我嘗試使用最小二乘法對影像進行顏色校正。我不明白為什么它不起作用,這應該是顏色校準的標準方式。
首先,我以 CR3 格式提取上面的影像,將其轉換為 RGB 空間,然后使用 OpenCV boundingRect 和 inRange 函式裁剪出四個色塊,將這四個色塊保存在一個名為 coloursRect 的陣列中。使用 vstack 以便存盤每個像素顏色的陣列從 3d 轉換為 2d。
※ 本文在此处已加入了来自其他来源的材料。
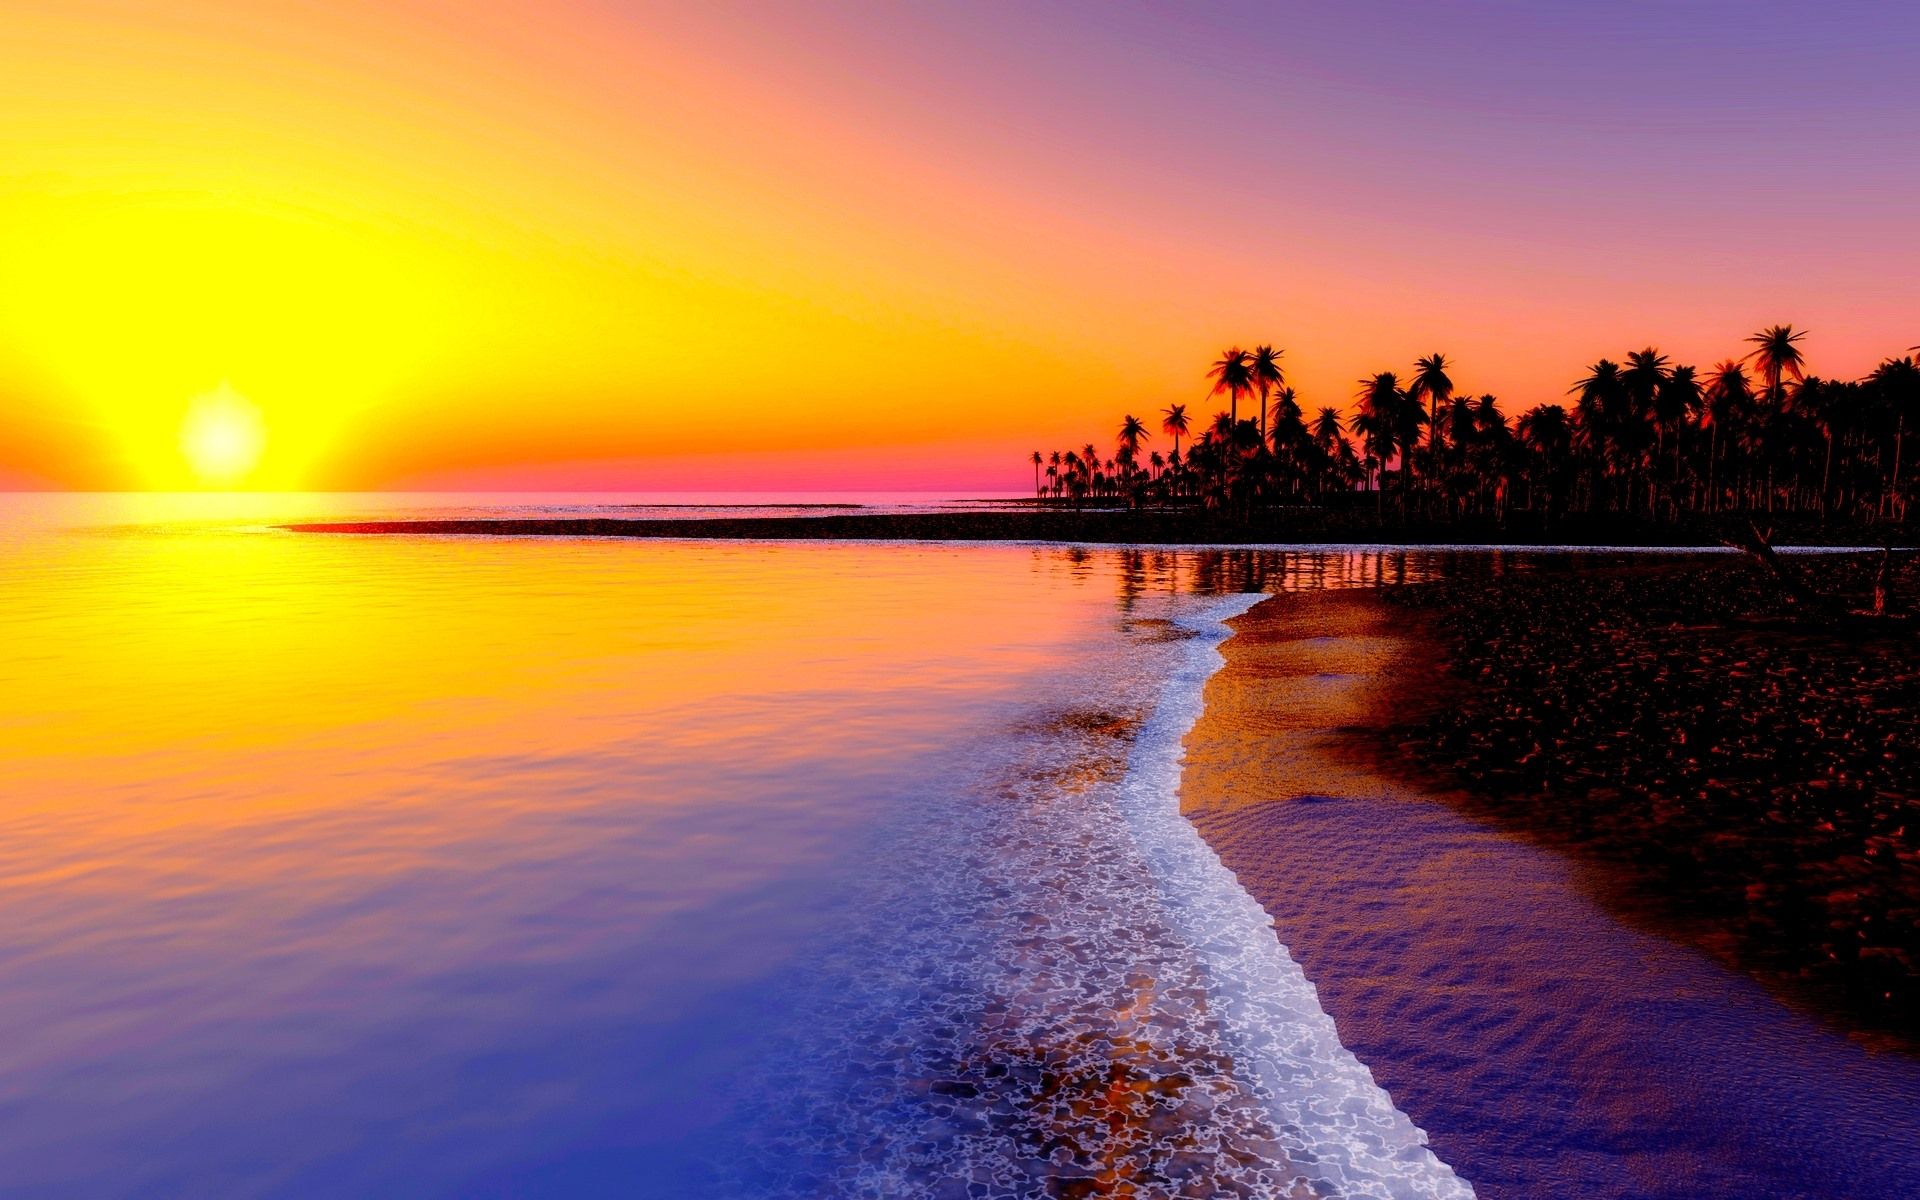  Sonnenuntergang Hintergrundbild 1920x1200. Wunderschöner Sonnenuntergang, Meer, Wellen, Strand, Palmen, Sonne 1920x1200 HD Hintergrundbilder, HD, Bild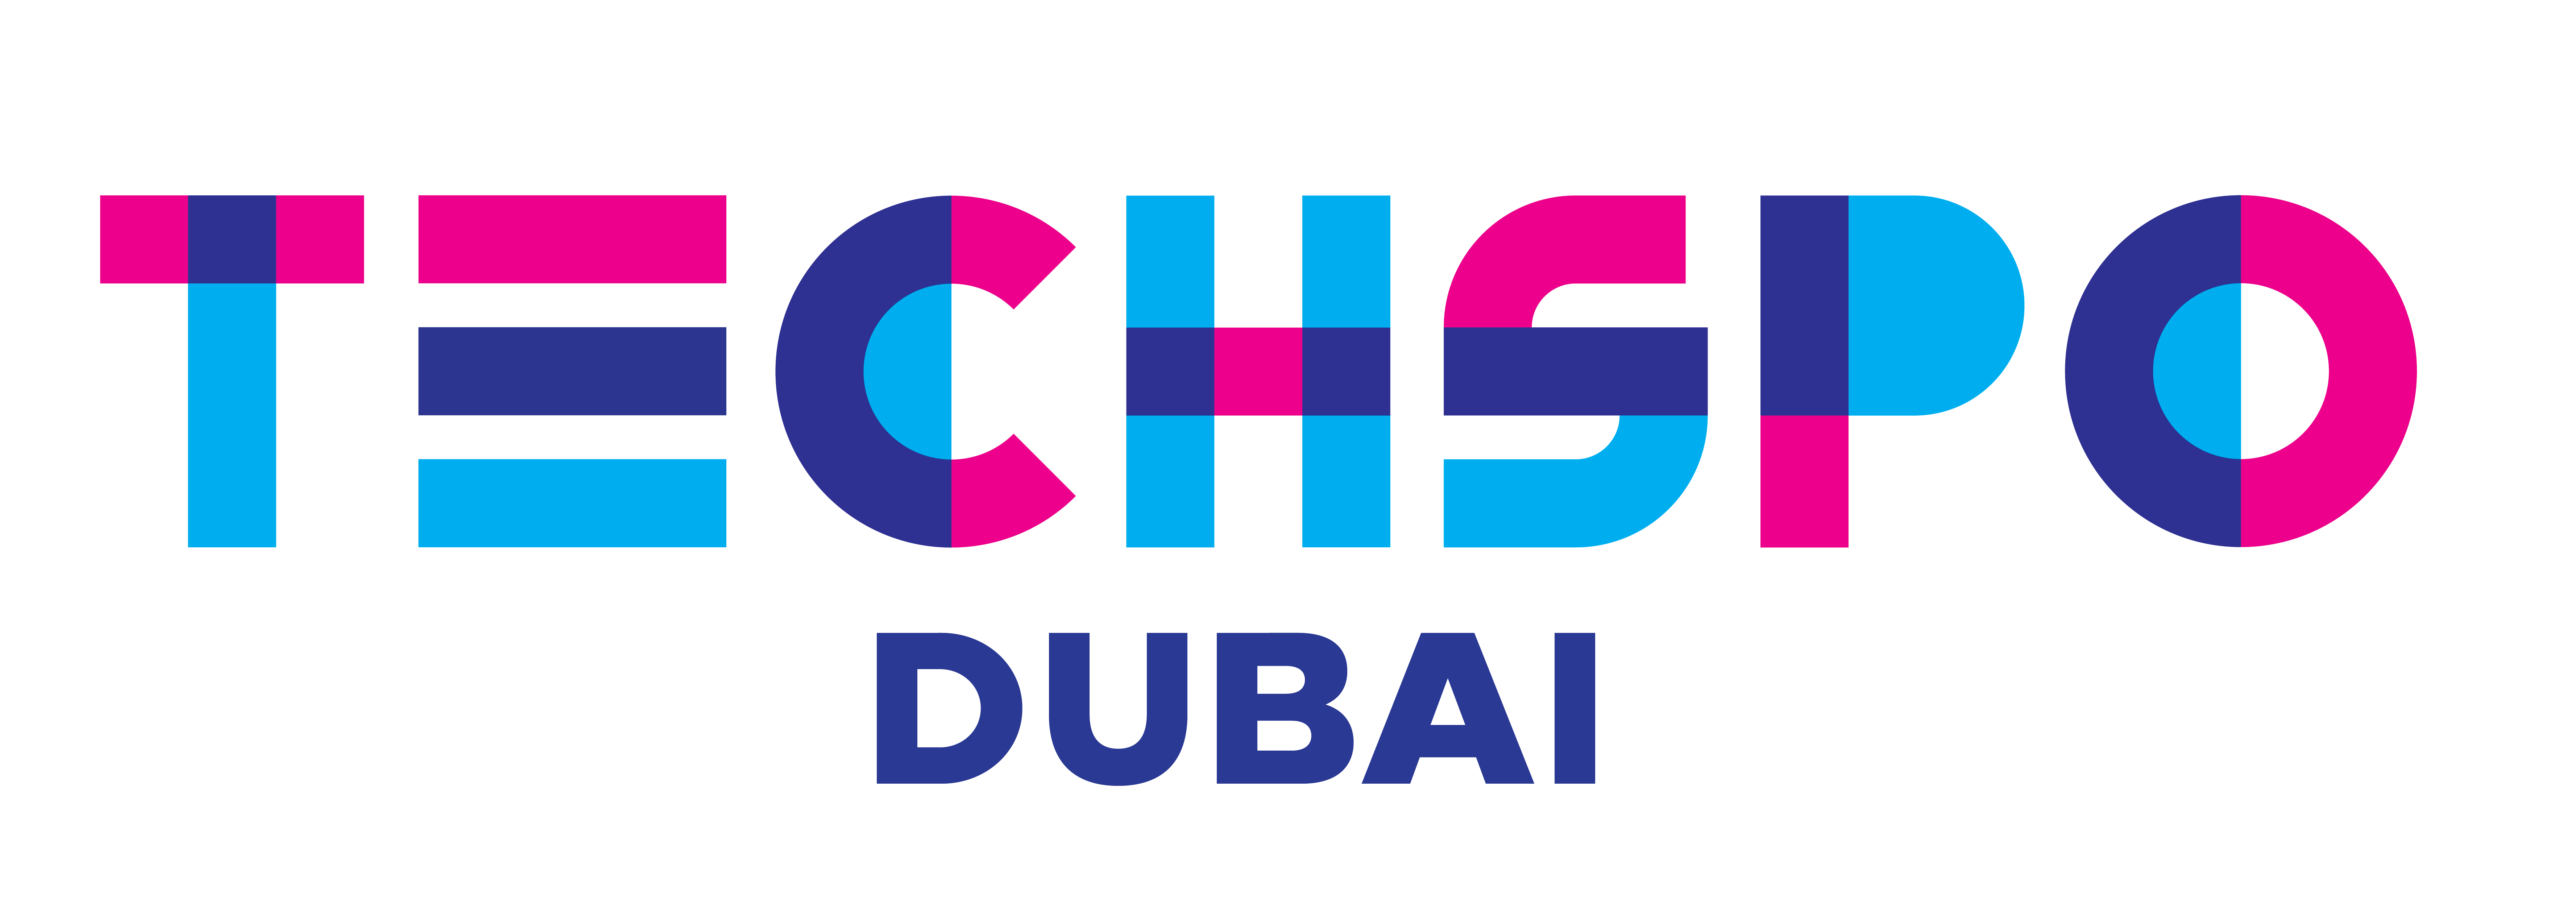 TECHSPO Dubai 2022 Technology Expo (Internet ~ Mobile ~ AdTech ~ MarTech ~ SaaS), Dubai, United Arab Emirates

因此,例如, colour0 存盤“紅色補丁”的每個像素的 RGB 值。
colour0 = np.vstack(coloursRect[0])
colour1 = np.vstack(coloursRect[1])
colour2 = np.vstack(coloursRect[2])
colour3 = np.vstack(coloursRect[3])
lstsq_a = np.array(np.vstack((colour0,colour1,colour2,colour3)))
然后我在 RGB 中宣告原始參考顏色。
r_ref = [240,0,22]
y_ref = [252,222,10]
g_ref = [30,187,22]
b_ref = [26,0,165]
ref_patches = [r_ref,y_ref,g_ref, b_ref]
每個參考顏色的數量根據實際影像色塊中的像素數量相乘,例如,r_ref 乘以 colour0 陣列的長度。(我知道這是操縱資料的不好方法,但這在理論上應該可行)
lstsq_b_0to255 = np.array(np.vstack(([ref_patches[0]]*colour0.shape[0],[ref_patches[1]]*colour1.shape[0],[ref_patches[2]]*colour2.shape[0],[ref_patches[3]]*colour3.shape[0])))
計算最小二乘并與影像相乘。
lstsq_x_0to255 = np.linalg.lstsq(lstsq_a, lstsq_b_0to255)[0]
img_shape = img.shape
img_s = img.reshape((-1, 3))
img_corr_s = img_s @ lstsq_x_0to255
img_corr = img_corr_s.reshape(img_shape).astype('uint8')
但是這種顏色校正方法不起作用,并且影像中的顏色不正確。我可以知道是什么問題嗎?
編輯:使用 RGB 而不是 HSV 作為參考顏色
uj5u.com熱心網友回復:
忽略影像 ICC 組態檔在此處未正確解碼的事實,這是給定您的參考 RGB 值并使用
該模塊中可用的主要功能如下:
def least_square_mapping_MoorePenrose(y: ArrayLike, x: ArrayLike) -> NDArray:
"""
Compute the *least-squares* mapping from dependent variable :math:`y` to
independent variable :math:`x` using *Moore-Penrose* inverse.
Parameters
----------
y
Dependent and already known :math:`y` variable.
x
Independent :math:`x` variable(s) values corresponding with :math:`y`
variable.
Returns
-------
:class:`numpy.ndarray`
*Least-squares* mapping.
References
----------
:cite:`Finlayson2015`
Examples
--------
>>> prng = np.random.RandomState(2)
>>> y = prng.random_sample((24, 3))
>>> x = y (prng.random_sample((24, 3)) - 0.5) * 0.5
>>> least_square_mapping_MoorePenrose(y, x) # doctest: ELLIPSIS
array([[ 1.0526376..., 0.1378078..., -0.2276339...],
[ 0.0739584..., 1.0293994..., -0.1060115...],
[ 0.0572550..., -0.2052633..., 1.1015194...]])
"""
y = np.atleast_2d(y)
x = np.atleast_2d(x)
return np.dot(np.transpose(x), np.linalg.pinv(np.transpose(y)))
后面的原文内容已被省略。